**Your goal:**
In your copy, leave out the pictures; write out all the data exactly.

**Available data:**
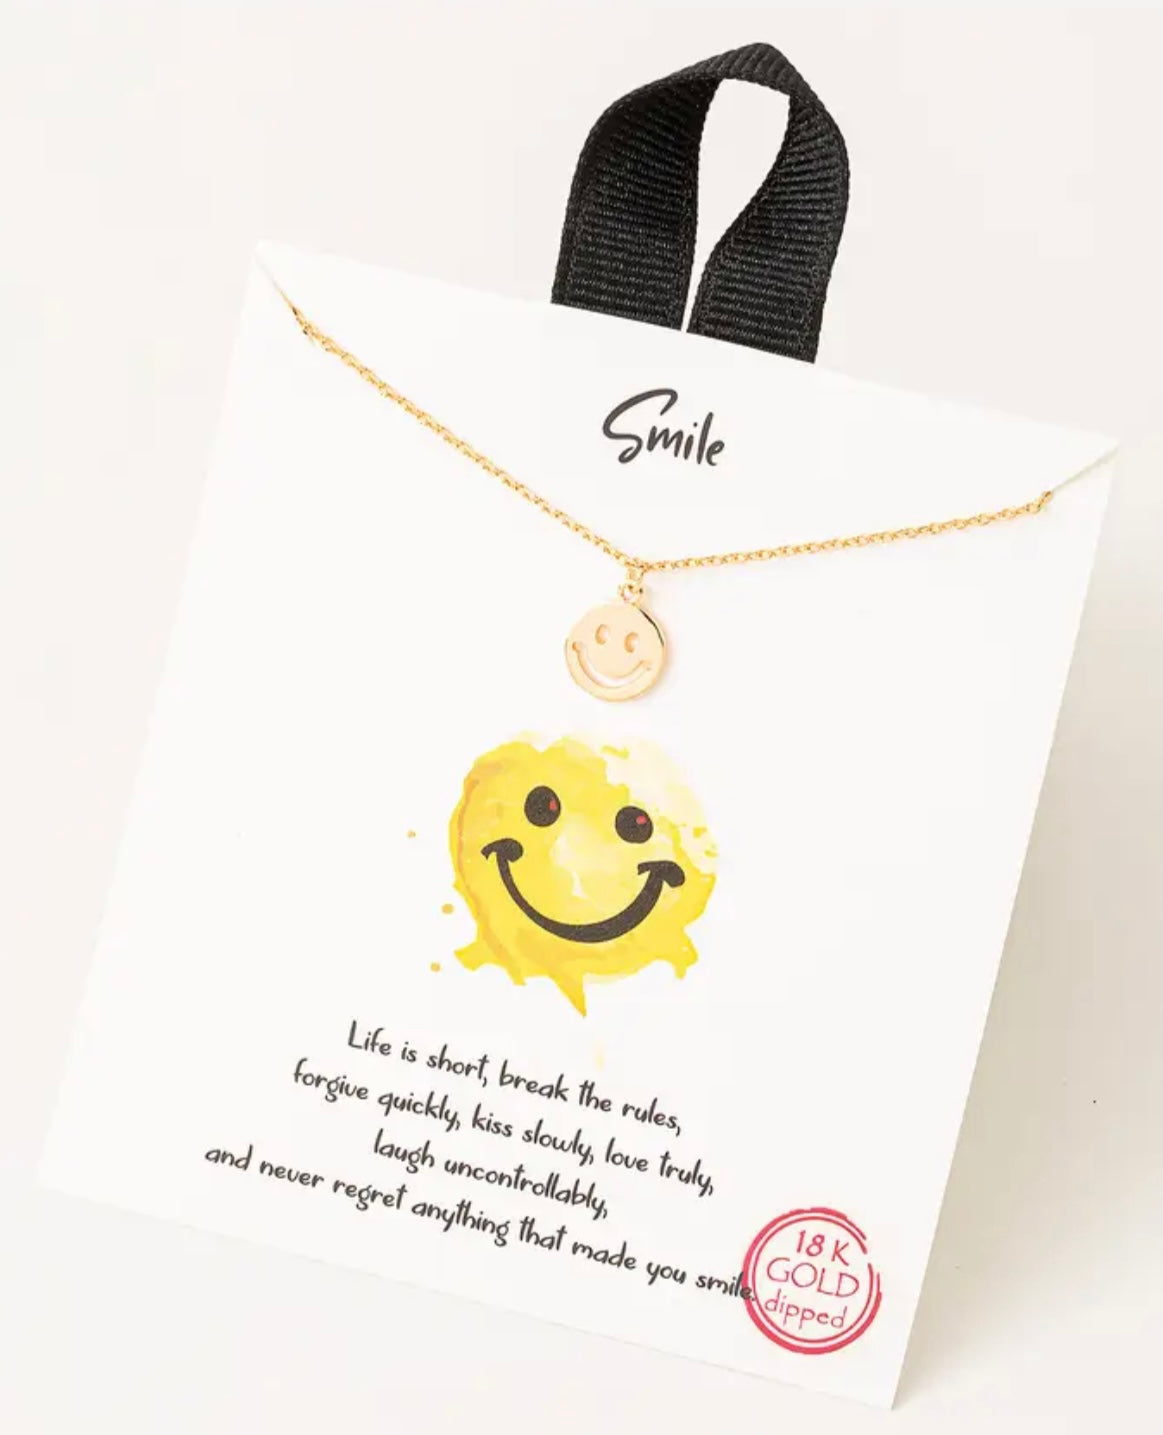 Gold smiley face necklace
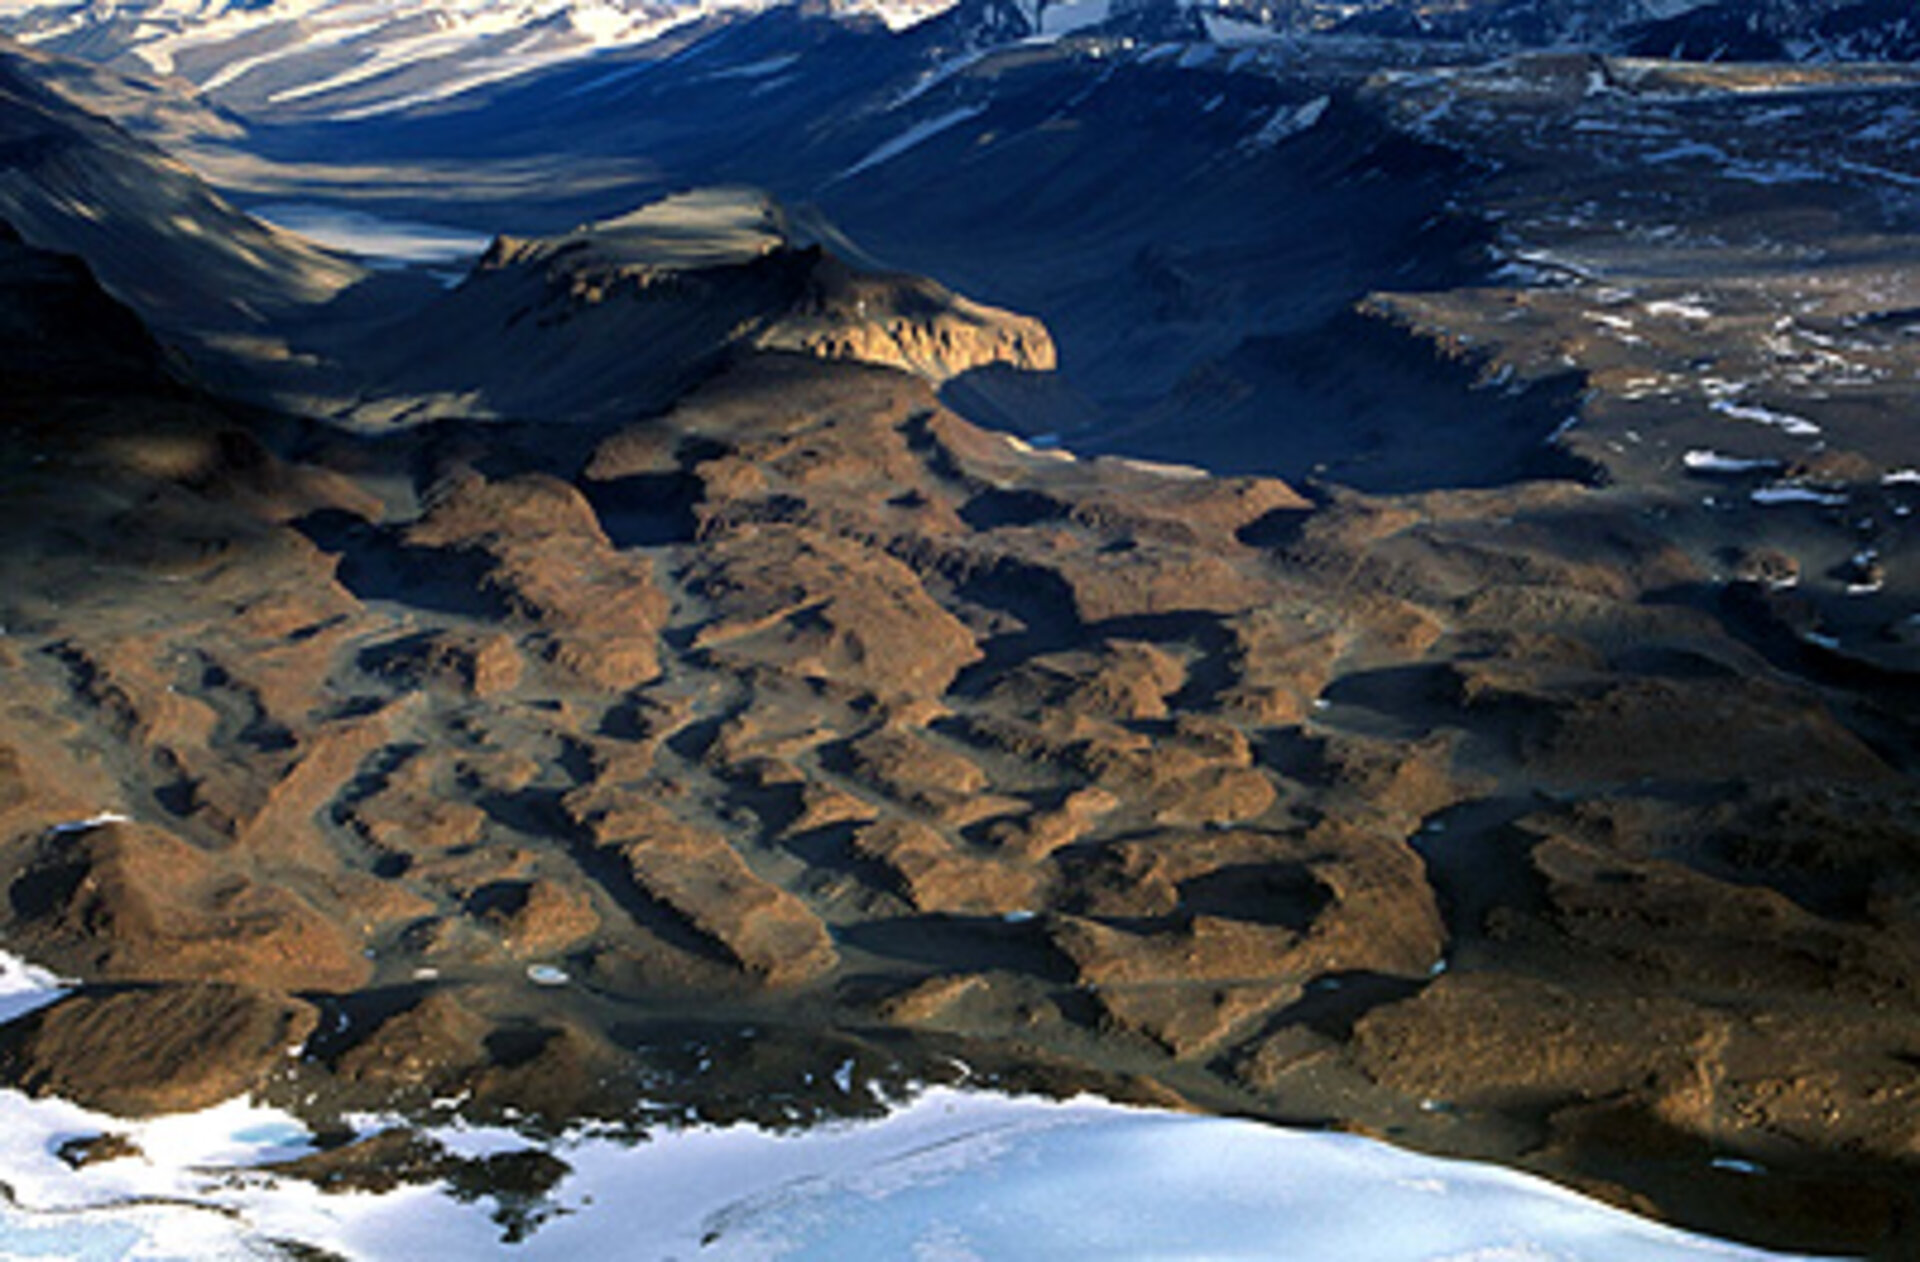 Dry Valleys, Antarctica. The Dry Valleys contain a range of features found on Mars in the past and today.
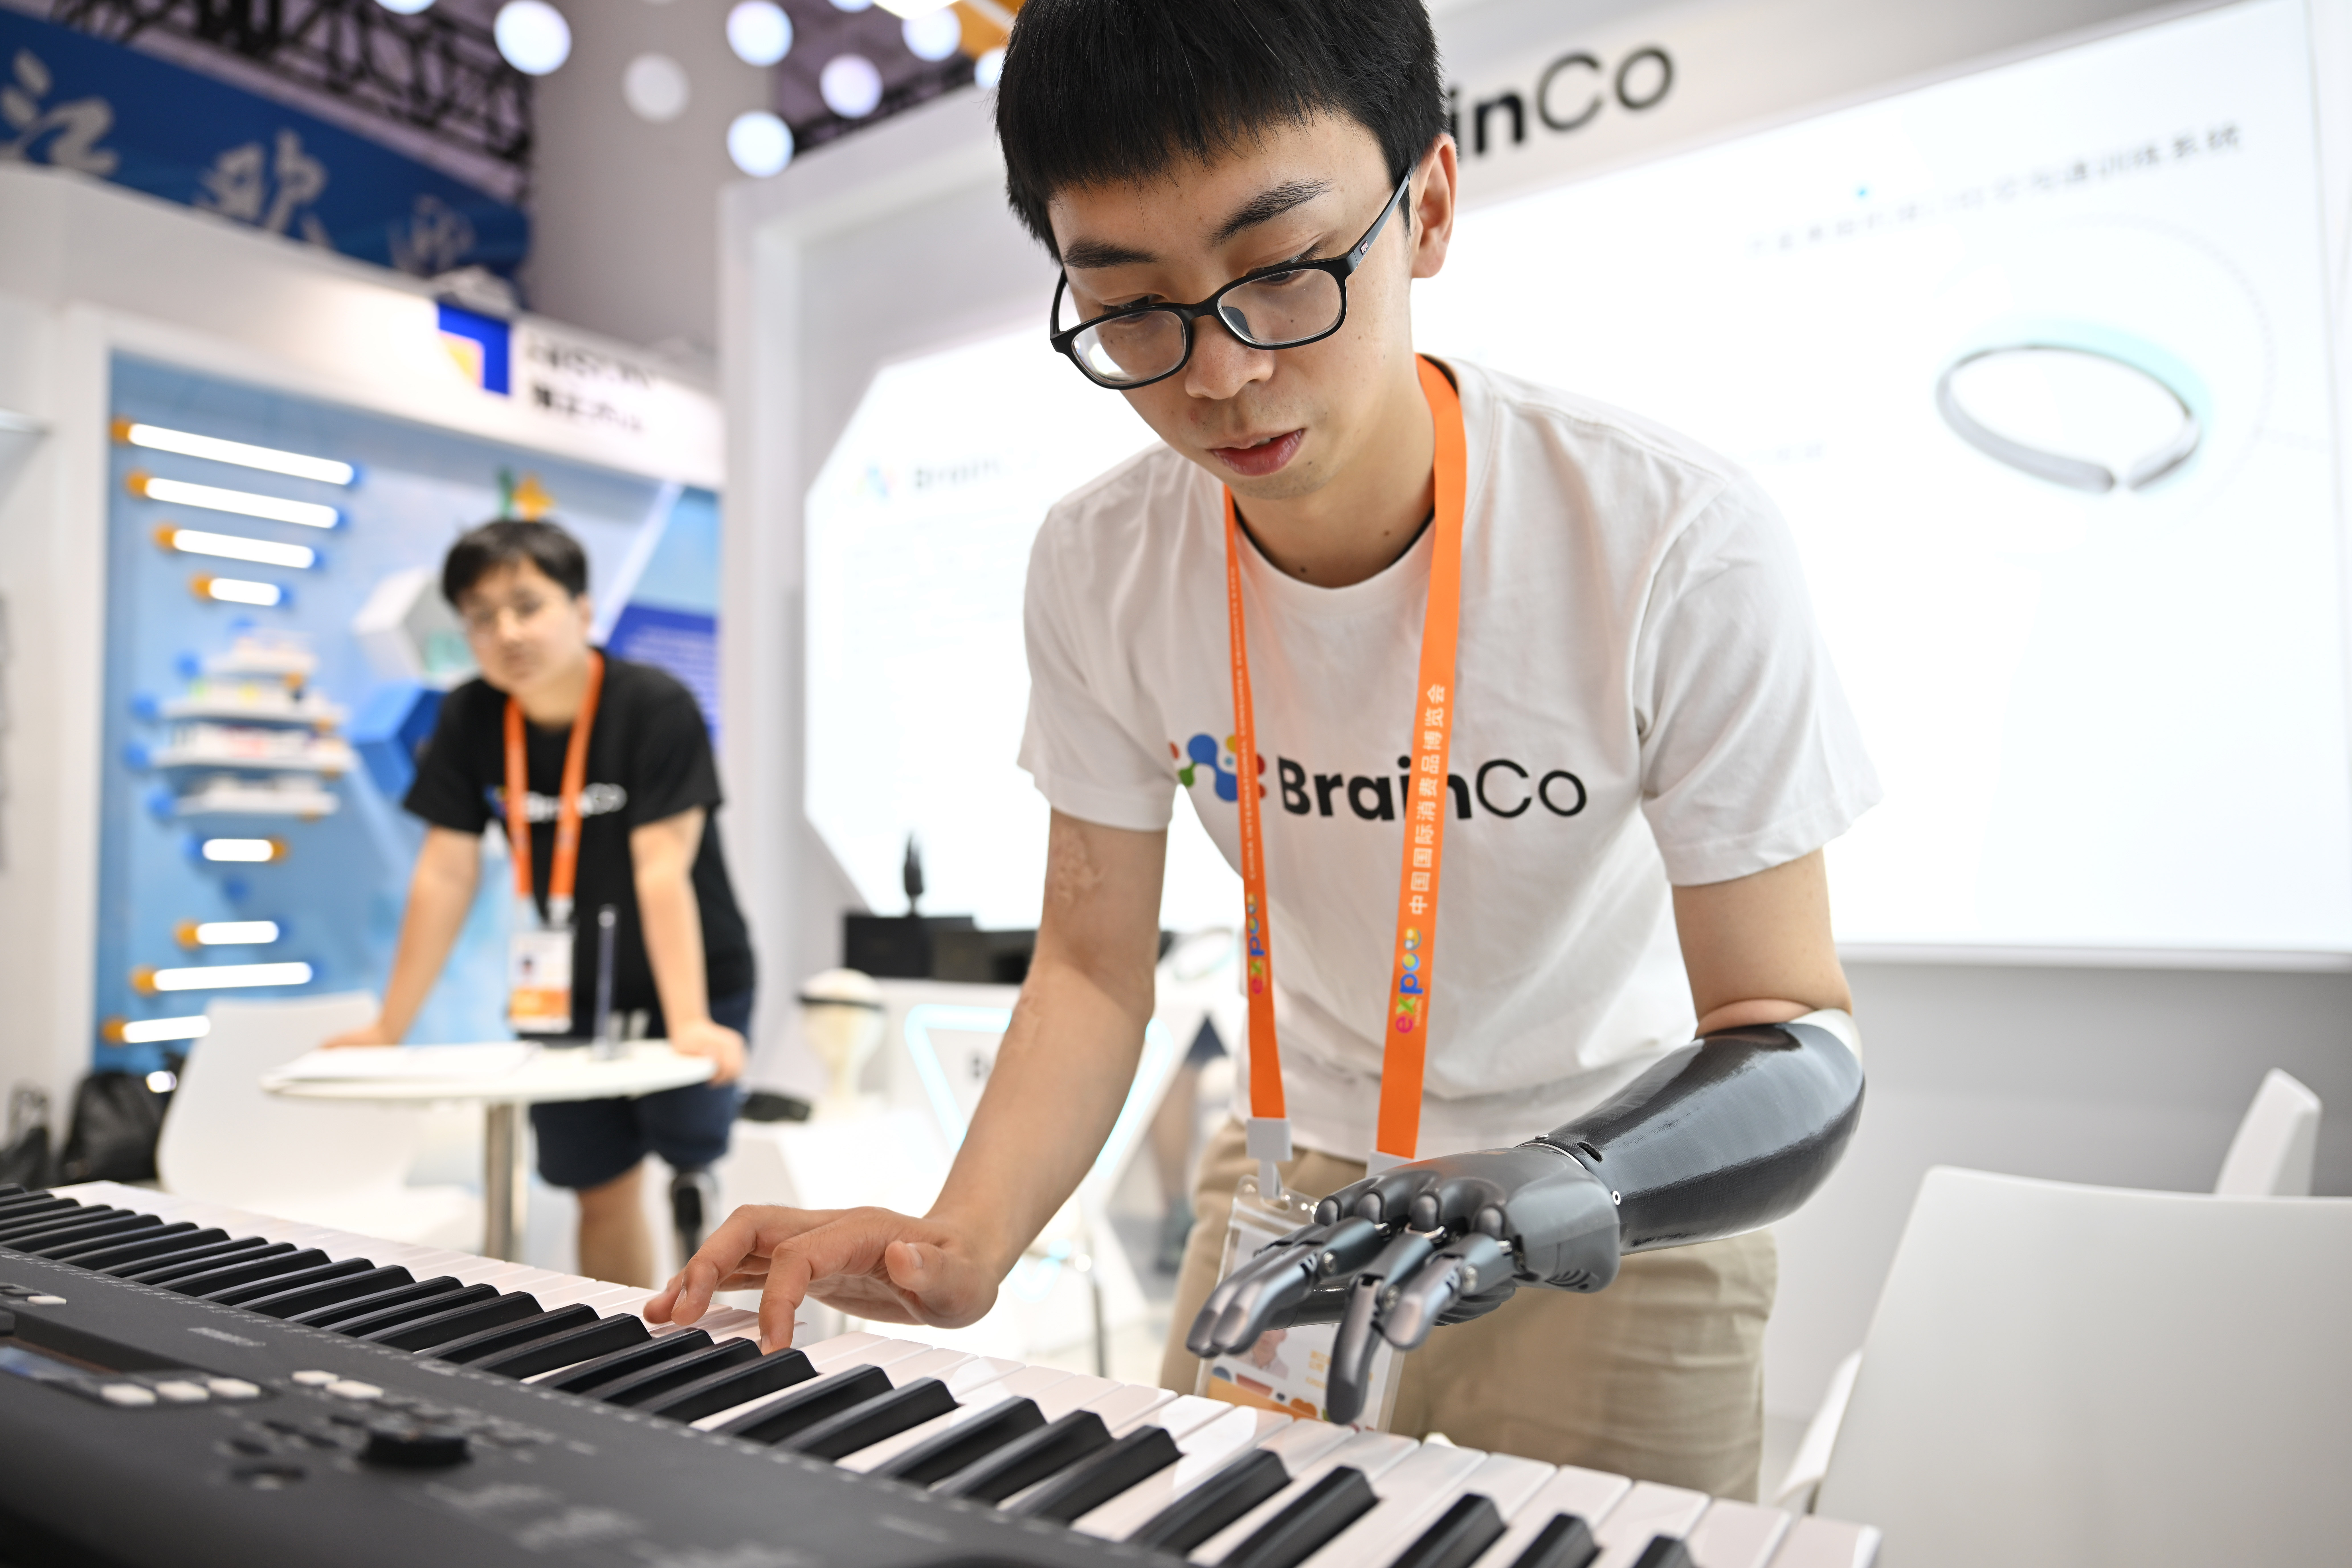 BrainCo, a Boston-based cognitive training technology startup, showcases its prosthetic hand's capability, usability, and affordability, April 11, 2023. /Xinhua

**Task output:**
 Gold smiley face necklace
 Dry Valleys, Antarctica. The Dry Valleys contain a range of features found on Mars in the past and today.
 BrainCo, a Boston-based cognitive training technology startup, showcases its prosthetic hand's capability, usability, and affordability, April 11, 2023. /Xinhua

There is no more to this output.